The Superior Hiking Trail runs 245 miles (394 kilometers) from Duluth to Otter Lake Road, a lonely gravel byway coming out of Grand Portage, the northernmost town along Minnesota's North Shore. The trail can be linked up with the Border Route Trail and Kekekabic Trail (both running through the Boundary Waters Canoe Area) to form a 385-mile (620-kilometer) trek from Duluth to Ely.  

If you are looking for something shorter, the 18-mile (29-kilometer) stretch from Silver Bay to Country Road 6 is one of the best sections. You'll encounter several glacier-scoured lakes, excellent views of Lake Superior, beautiful groves of birches and maples (which peak in late September and early October), a strenuous climb up Mount Trudee, a 30-foot (9-meter) waterfall on the Baptism River, and the unique "D Rainpipe," a 50-foot (15-meter) scramble that can be dangerous in winter. On this hike, you will likely see deer, wolf, and even mountain lion tracks. Wolf populations are very healthy in Northern Minnesota, but there's never been a documented attack on a human, so don't worry about them.

Difficulty: Easy. It's mostly flat, with occasional small climbs and descents, sometimes steep.

Terrain: Forested. There are occasional views and campsite-friendly lakes.

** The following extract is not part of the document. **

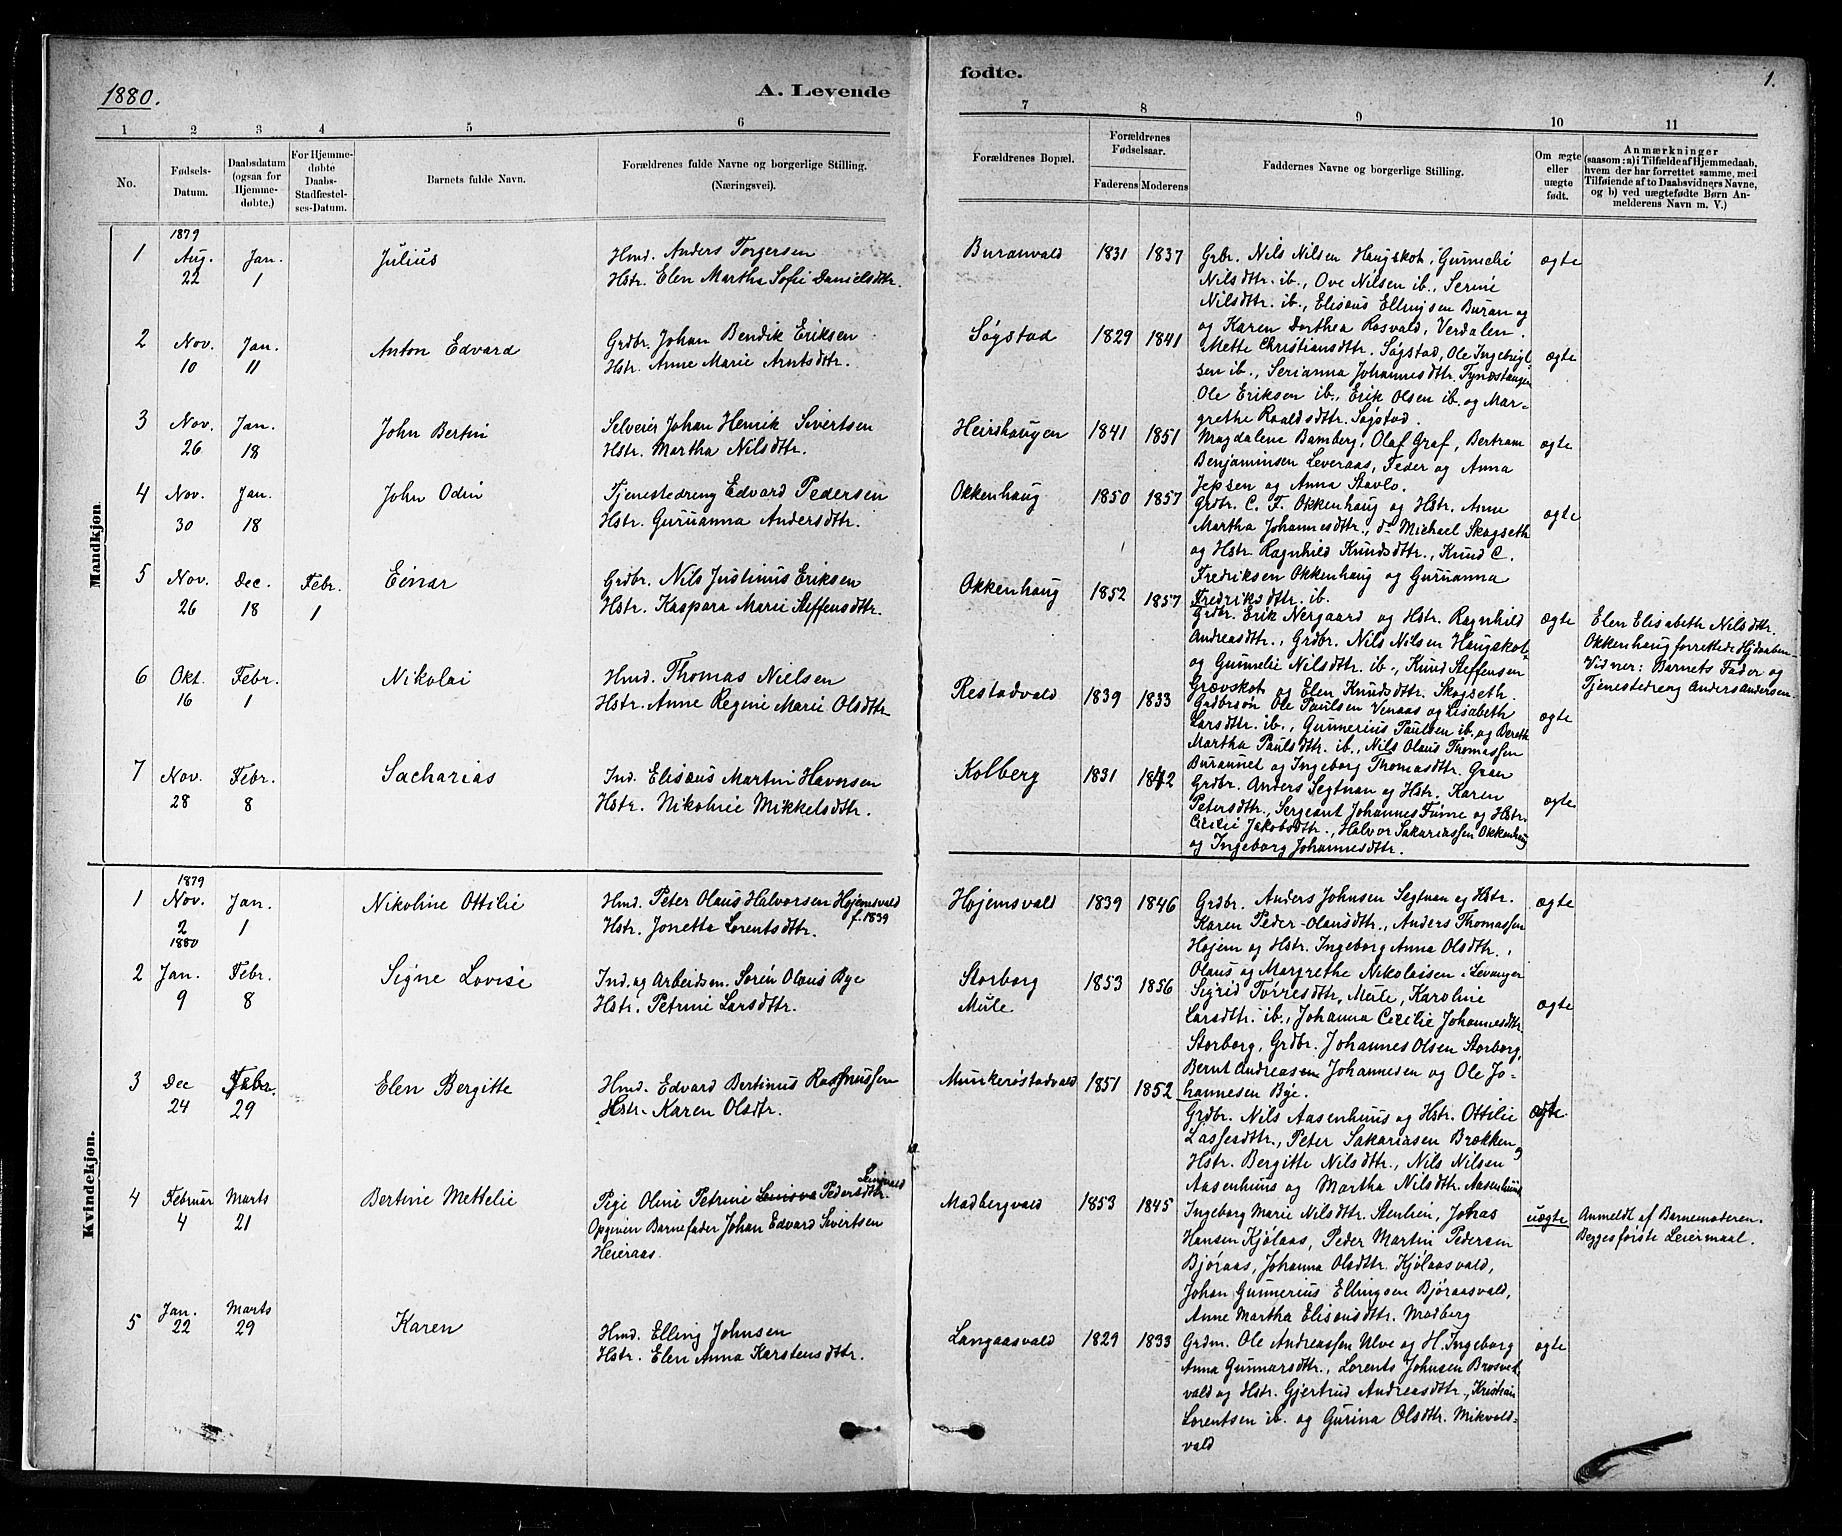 SAT, Ministerialprotokoller, klokkerbøker og fødselsregistre - Nord-Trøndelag, 721/L0208: Klokkerbok nr. 721C01, 1880-1917, s. 1

Distance: 18 miles (29 kilometers), with the option of tacking on many more.

Time: 1 or 2 days.

Staging Ground: Silver Bay, MN.

Best Time to Go: Do not go here in May or early June, when the mosquitoes and black flies are at their peak. Spring conditions can be wet and muddy. Fall is probably optimal, with comfortable temperatures, few bugs, and colorful leaves.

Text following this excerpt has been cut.